According to research firm Gartner, SMS – which turned 15 this year – is on the way out and will eventually be replaced by mobile email.
“Once email becomes available more or less free of charge by default on your mobile handset, people will gravitate to that rather than just continuing to use SMS,” Simpson said.
I’m dubious this will be the case, though. While email access from a mobile phone will indeed become more popular, there’ll still be a fair few people that won’t want to get disturbed by email on their phone. And considering the typical subject matter of SMS (“wat u up 2?” “watz 4 dinner?” “will b home l8″) where you expect a near-immediate reply, I just don’t see that sort of thing happening over email. For SMS, The Days Are Numbered [SMH]





















Nathan
Sunday, July 29, 2007 at 1:01 PMAm I the only person who knows of imode? I have been using it for 2 years now and loving it. Pitty Telstra are dropping it at the end of the year.
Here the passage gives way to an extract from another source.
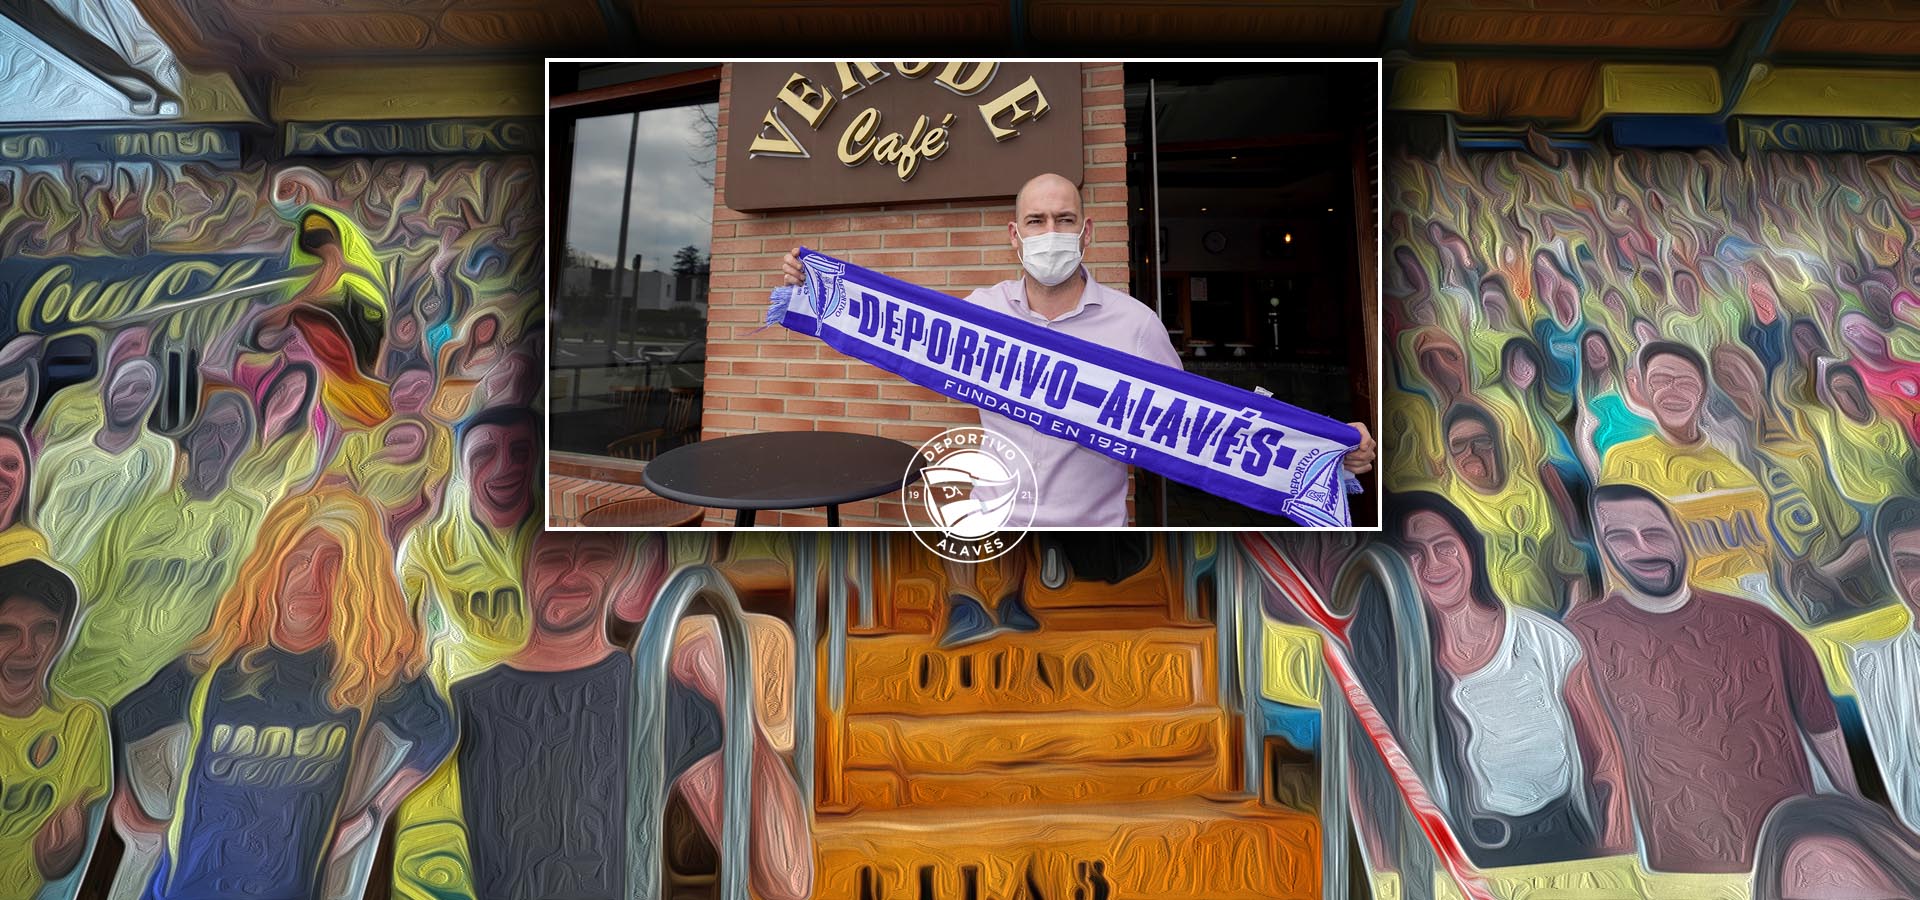 Jito, un trotamundos del fútbol agobiado con su bar en Vitoria por culpa de la COVID-19
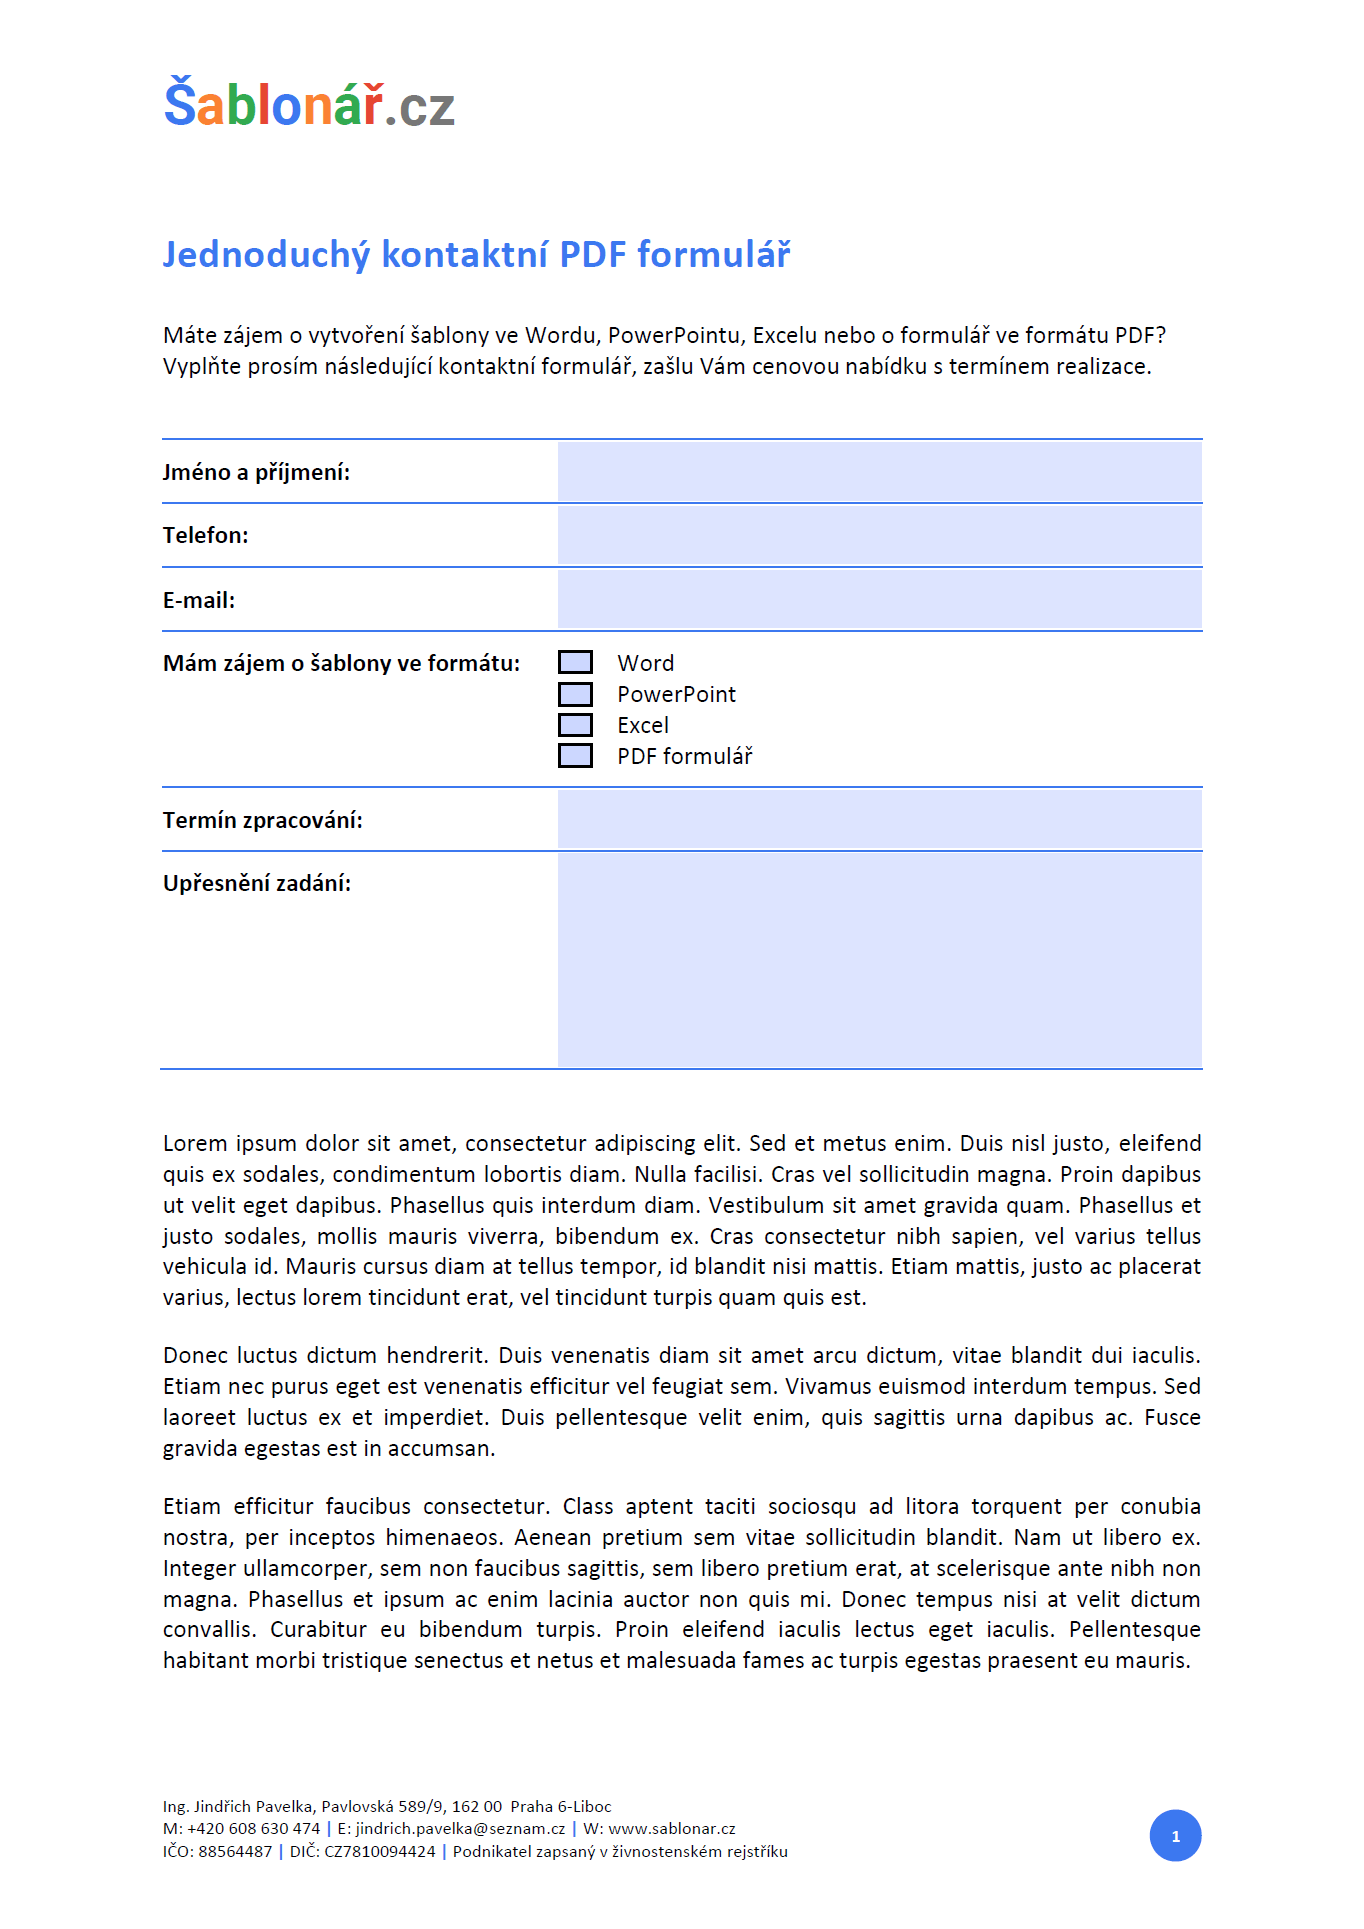 Formulář v PDF

You get an email address for your phone and when someone emails you it is instantly pushed to your phone. Both my girlfriend and I have imode phones and we email each other via our phones. Messages are instant, no word limit and usually only cost about 2cents. A far cry from SMS at 20cents or more. I recently went to Japan and nearly everyone over there uses imode. SMS doesn’t exist on Japanese mobile phones.